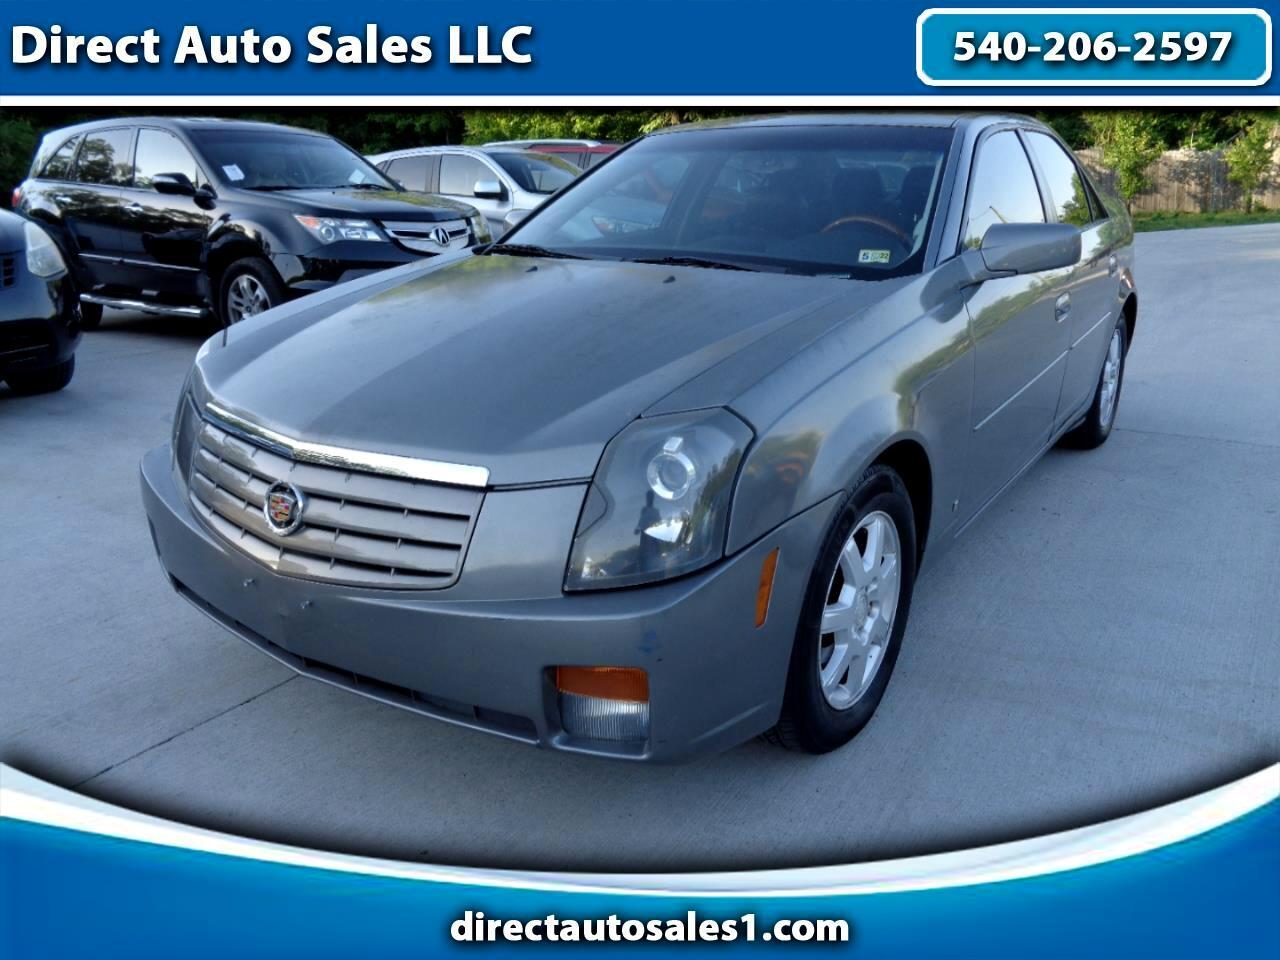 Cadillac CTS 4dr Sdn 3.6L 2006
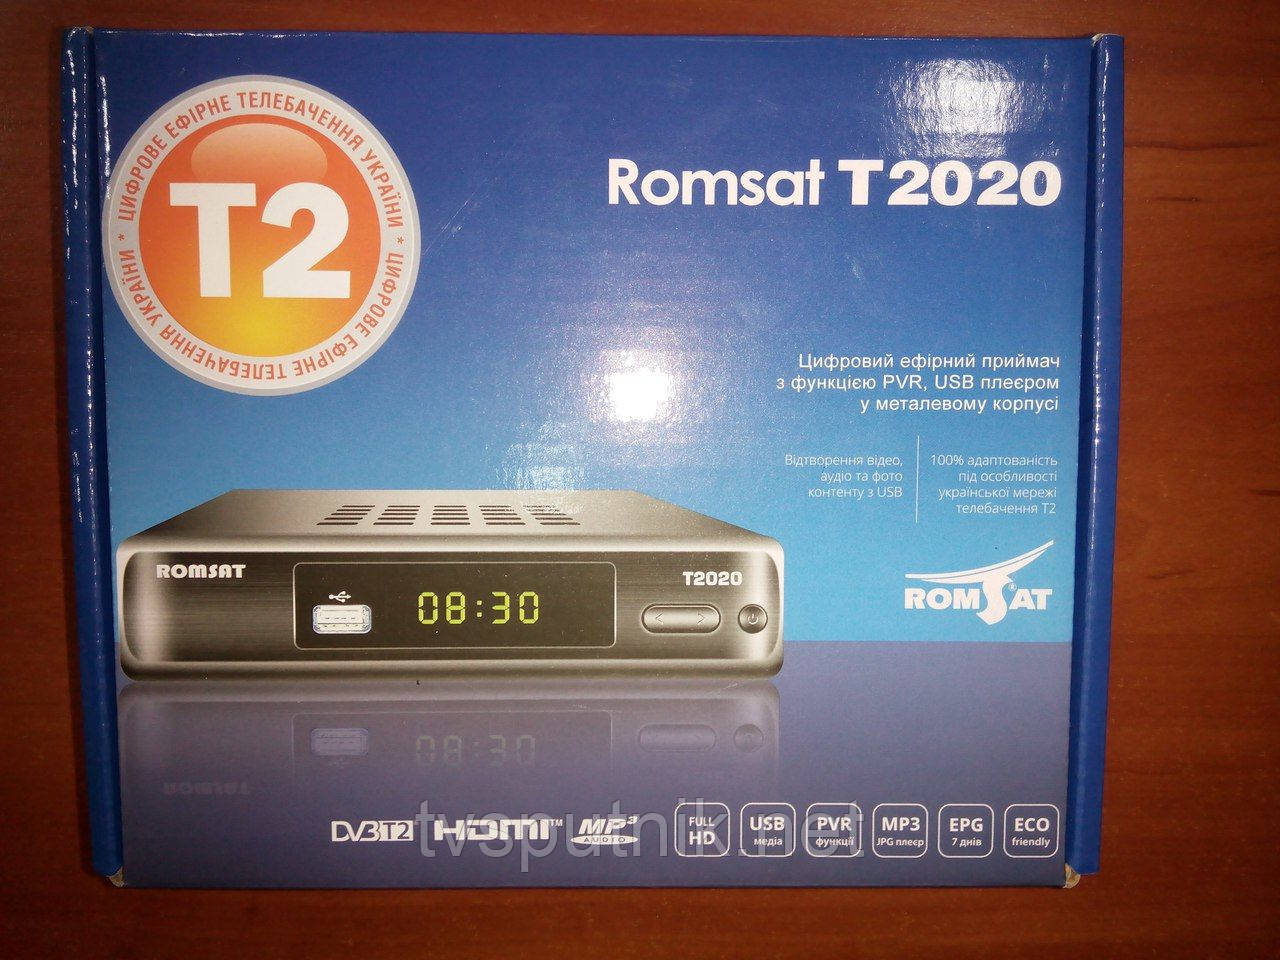 Эфирный тюнер Romsat T2020 (DVB-T2)
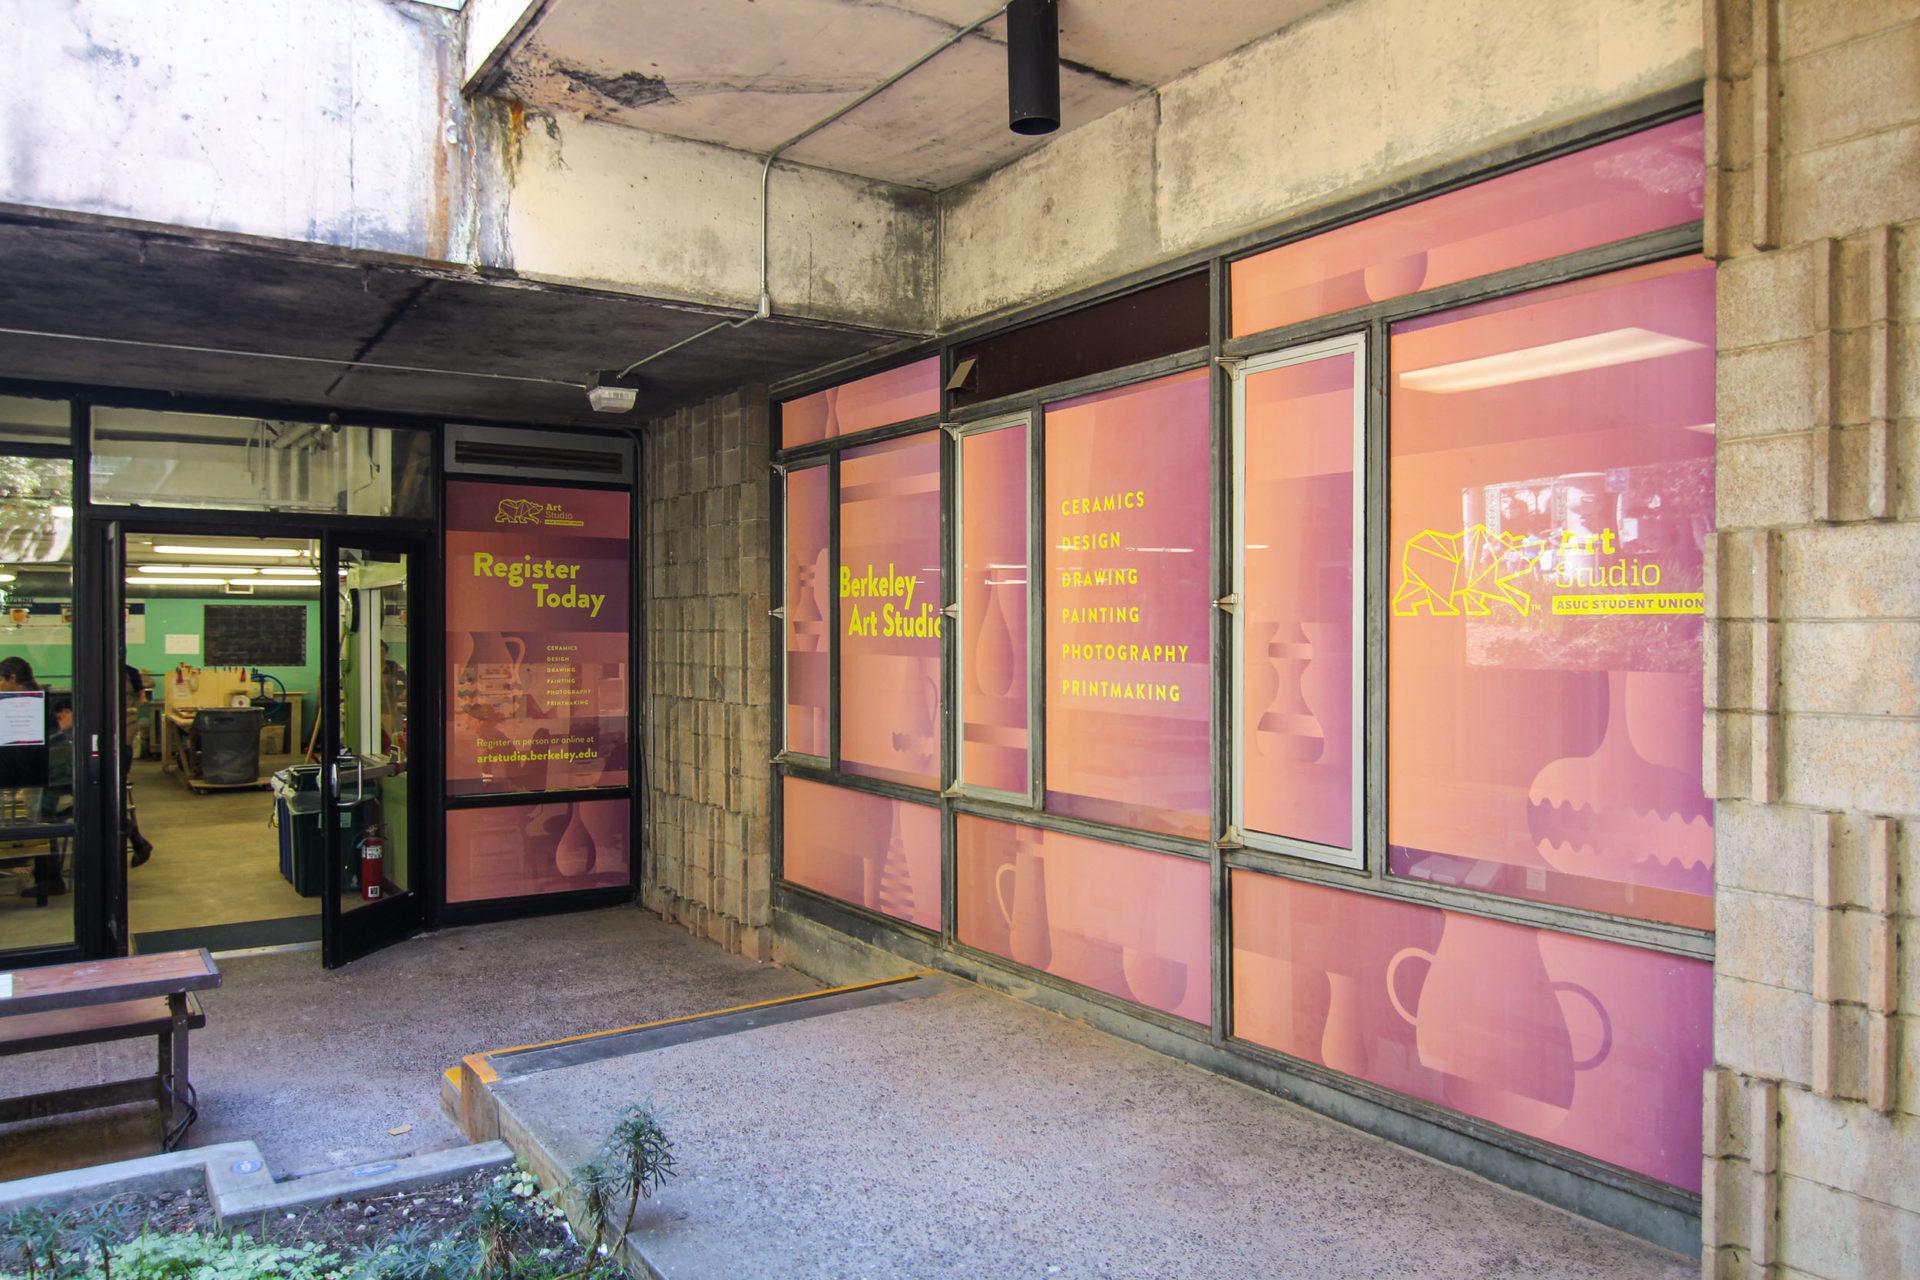 Design for Berkeley Art Studio promotional signage.

- Exercise details -
Your task is to quote exactly the lines from the one with "Эфирный тюнер Romsat T2020 (DVB-T2)" through the end of the material, both included, without reproducing any pictures.

- Completed task -
 Эфирный тюнер Romsat T2020 (DVB-T2)
 Design for Berkeley Art Studio promotional signage.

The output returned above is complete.